Le populisme en Europe centrale et orientale
de Roman Krakovsky

critiqué par Colen8, le 10 janvier 2020
( - 82 ans)


La note:  étoiles
Une longue histoire
Le rejet des modèles de démocratie parlementaire libérale prévalant dans les pays de l’Ouest européen par ceux d’Europe centrale et orientale s’était déjà exprimé avant les désastreux traités de 1919-1920 qui n’auront servi qu’à l’amplifier. Les raisons que détaille très justement Roman Krakovsky tiennent à des différences dont il faut avoir conscience pour comprendre le fossé creusé de nos jours au sein des membres de l’UE sur les missions et le devenir de celle-ci. Un écart de développement politique, économique et culturel préexistant au premier conflit mondial s’est fortement aggravé entre vainqueurs et vaincus :
- Le droit des peuples à disposer d’eux-mêmes a été allègrement bafoué pour prévenir toute velléité d’émergence d’une puissance centrale concurrente des vainqueurs, créant des états hétérogènes découpés selon des frontières arbitraires après la dissolution des empires multiethniques et multiconfessionnels du début du siècle, allemand, ottoman, austro-hongrois et la révolution bolchevique en Russie.
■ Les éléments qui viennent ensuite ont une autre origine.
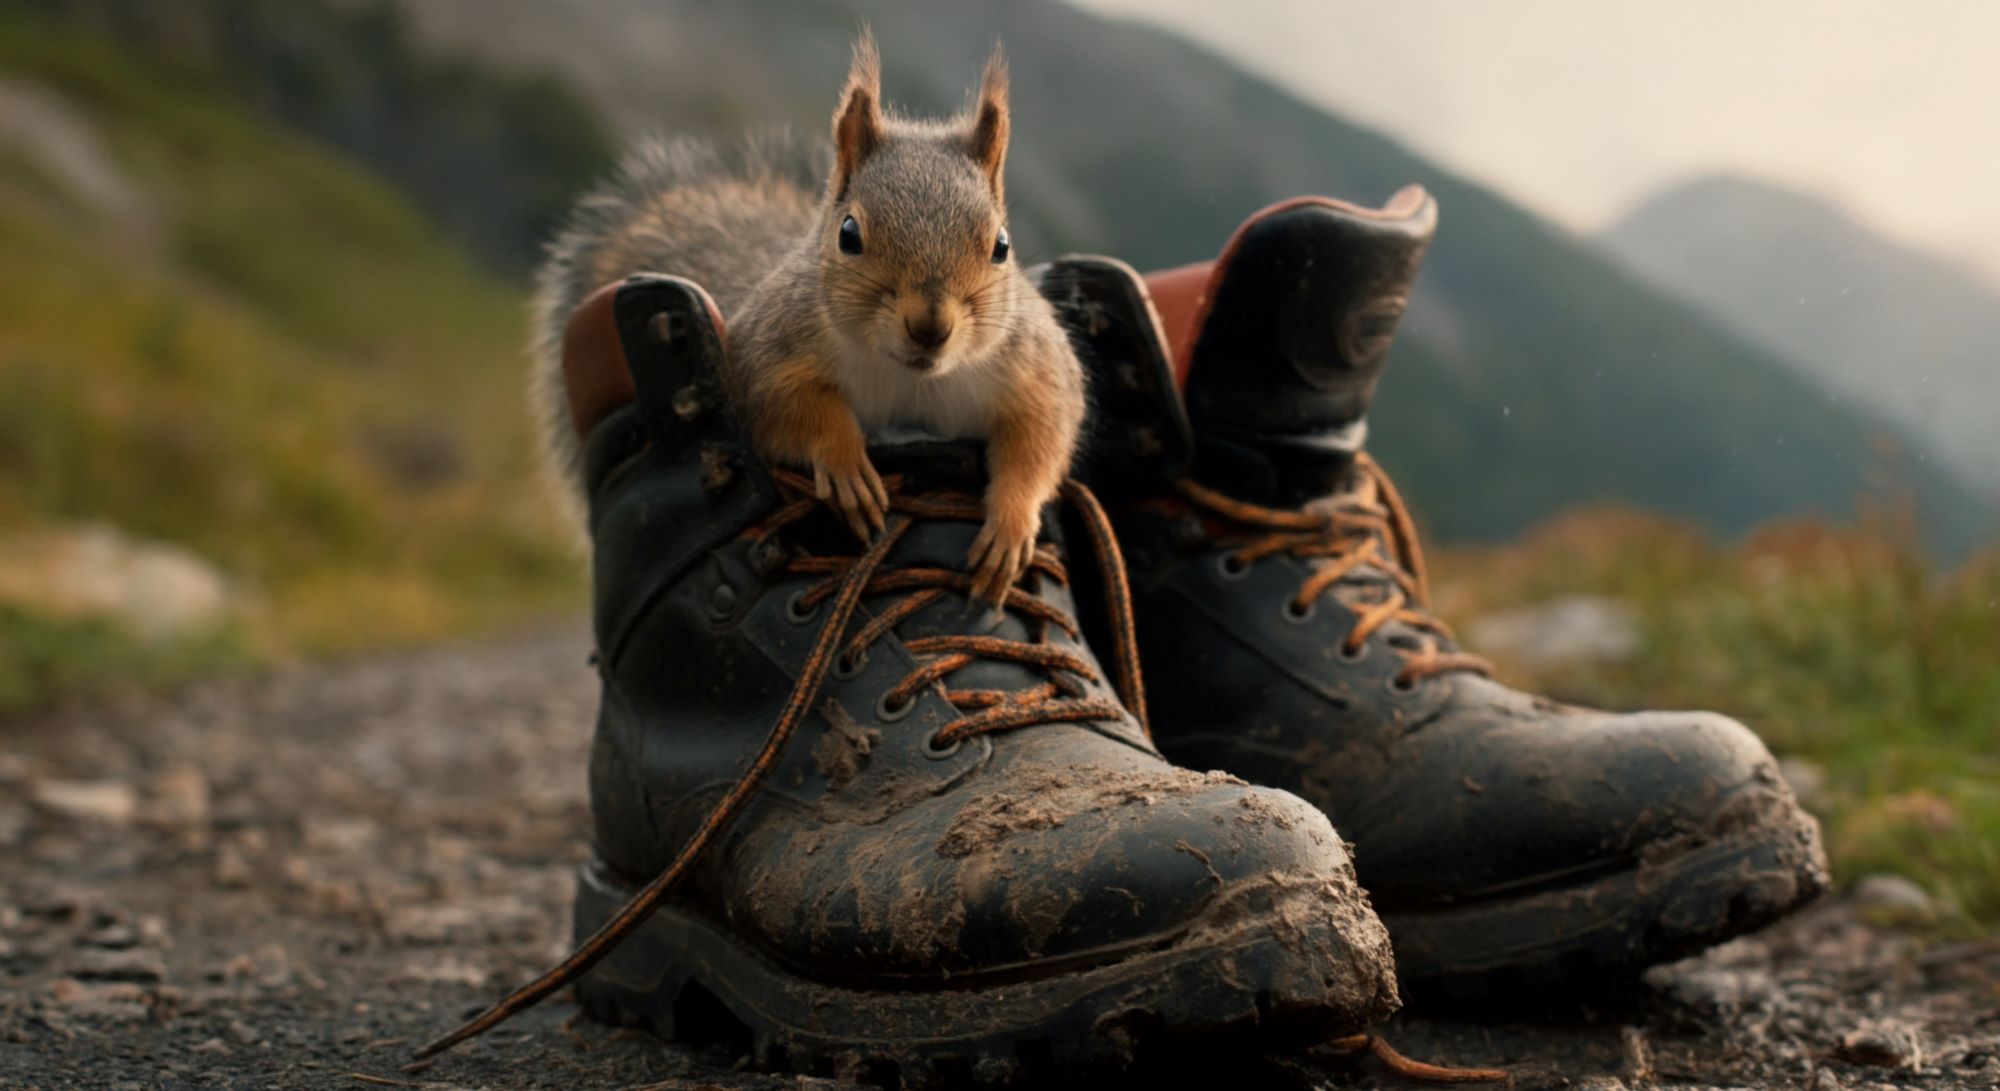 Image of a squirrel in a work boot created by Imagen 3

- Les indemnités colossales exigées des vaincus a entravé leur développement industriel déjà très en retard, a affaibli de courtes tentatives de démocratie, a ouvert la voie à des dictatures républicaines et monarchiques prônant la pureté de la race à travers un nationalisme exacerbé, enclin aux discriminations envers les minorités, favorable à l’eugénisme et l’antisémitisme jusqu’à l’arrivée d’Hitler au pouvoir en 1933.
Après 1945 il faut se souvenir des millions et des millions de déplacés d’Europe centrale et orientale devant ramener des groupes ethnolinguistiques homogènes au sein de leurs frontières nationales. En même temps une réaction de gauche qui les a fait basculer légalement ou non dans le camp communiste jusqu’à la chute du mur de Berlin en 1989 les a maintenus sous des régimes totalitaires violemment répressifs. Ce fut une erreur de penser qu’ensuite la démocratie s’y imposerait d’elle-même car à la fois les menaces identitaires perçues avec ou sans fondement et le retard pris dans la modernisation ont assez vite ramené au pouvoir des gouvernements définissant leurs démocraties comme « illibérales » teintées de dérive autoritaire. Il y a là une leçon à méditer.